The Maldives Industrial Fisheries Company Limited (MIFCO) will only sell their products to companies that agree to specific conditions set out by the company, the state-owned enterprise (SOE) has said.

“Starting the end of March, we will not sell fish in any other way. The good news for Maldivians is that, from there on in, there will be no word of MIFCO’s fish [products] being rejected… When their [foreign buyers’] quality controllers are brought to the Maldives and the fish [products] graded and checked, there won’t be any rejection [of exports], would there?” MIFCO’s Chief Executive Officer (CEO) Ahmed Shamah Rasheed told the Parliamentary Committee on State Owned Enterprises on Wednesday.

MIFCO officials were brought before the SOE committee in connection with a complaint alleging that the company’s resources are being used for political gain.

Replying to a question by Maldivian Democratic Party (MDP) Member of Parliament for Dhaandhoo, Yaugoob Abdulla regarding rejected inventory, Rasheed said he had discussed the matter with companies from Thailand after taking up his position as CEO.

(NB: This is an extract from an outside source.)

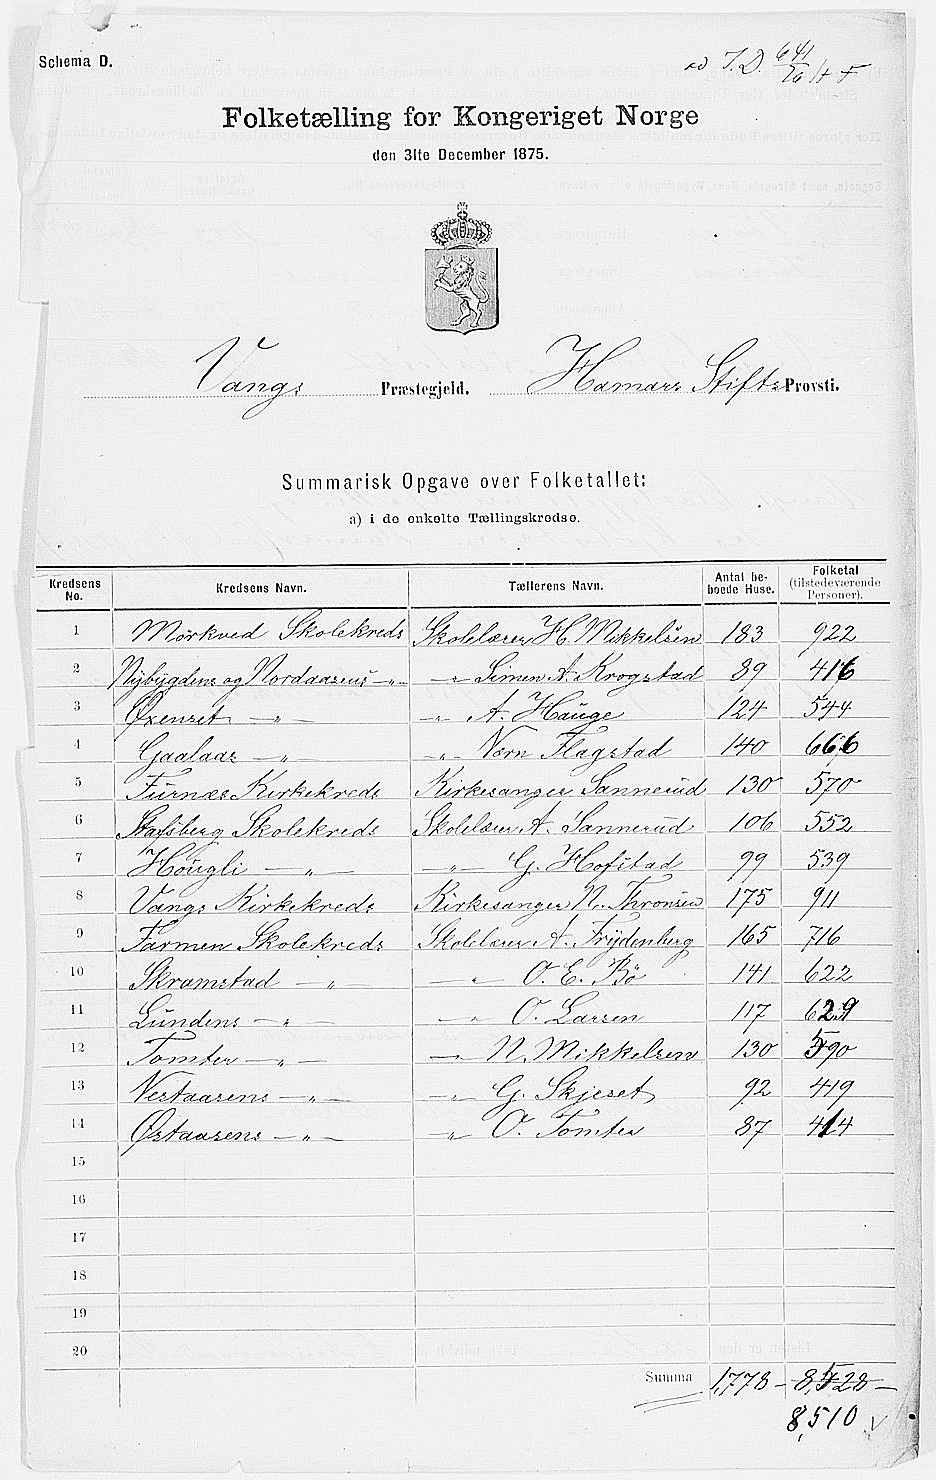 Folketellingen 1875 – Vang kommune hjelp til avskrift
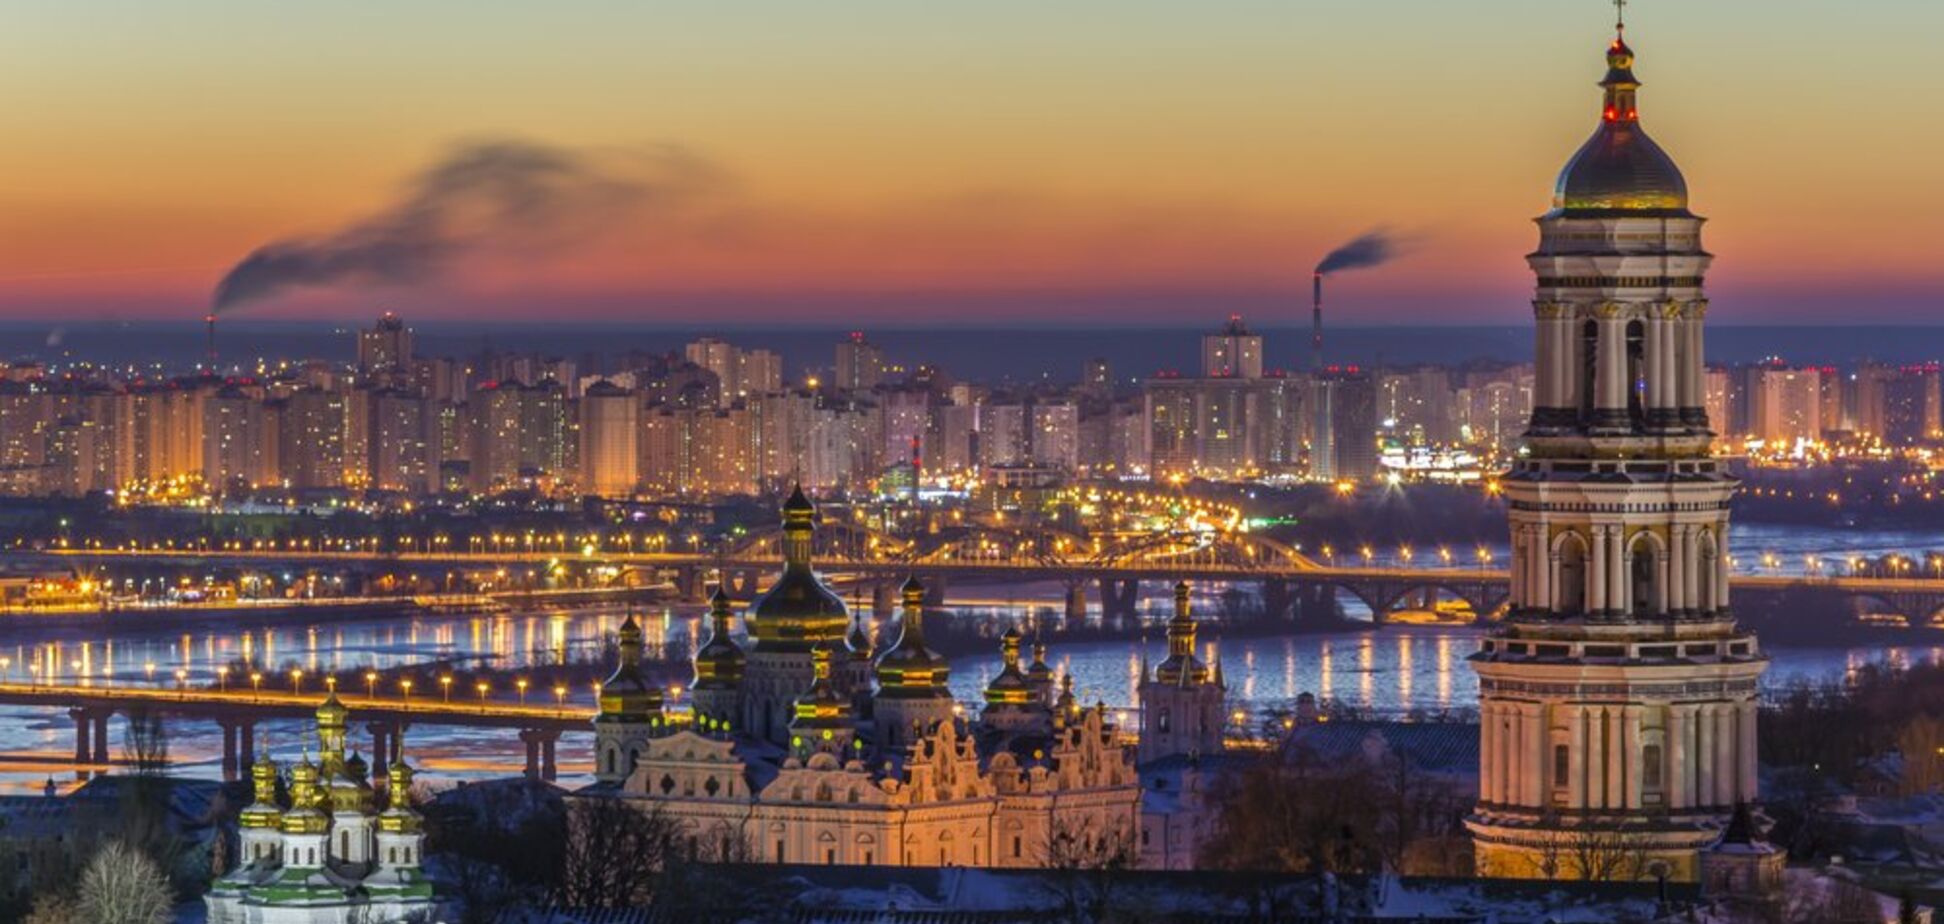 Київ потребує перезавантаження влади: голос кожного киянина має бути почутий

“We are sending 3,000 tonnes for example. When they get the fish, they may say 500 tonnes are rejected. Because the Histamine quotient is too high. [They might also say] It weighs 500 tonnes less as well. But from day one I refuse to believe that can happen,” he said.

He believes that procedures should be strengthened and he has discussed this with buyers from Thailand, the MIFCO CEO said, after which he has worked to improve on current mechanisms.

“Fish will not be rejected when your quality controller arrives in Maldives. We will not ship the fish unless your quality controller approves it,” Rasheed underscored.

While the Thai companies had been informed of this change and refused MIFCO’s revised terms, the company had sought ways to export Maldivian fish products to other markets and was successful in securing an agreement with a British company, Rasheed said.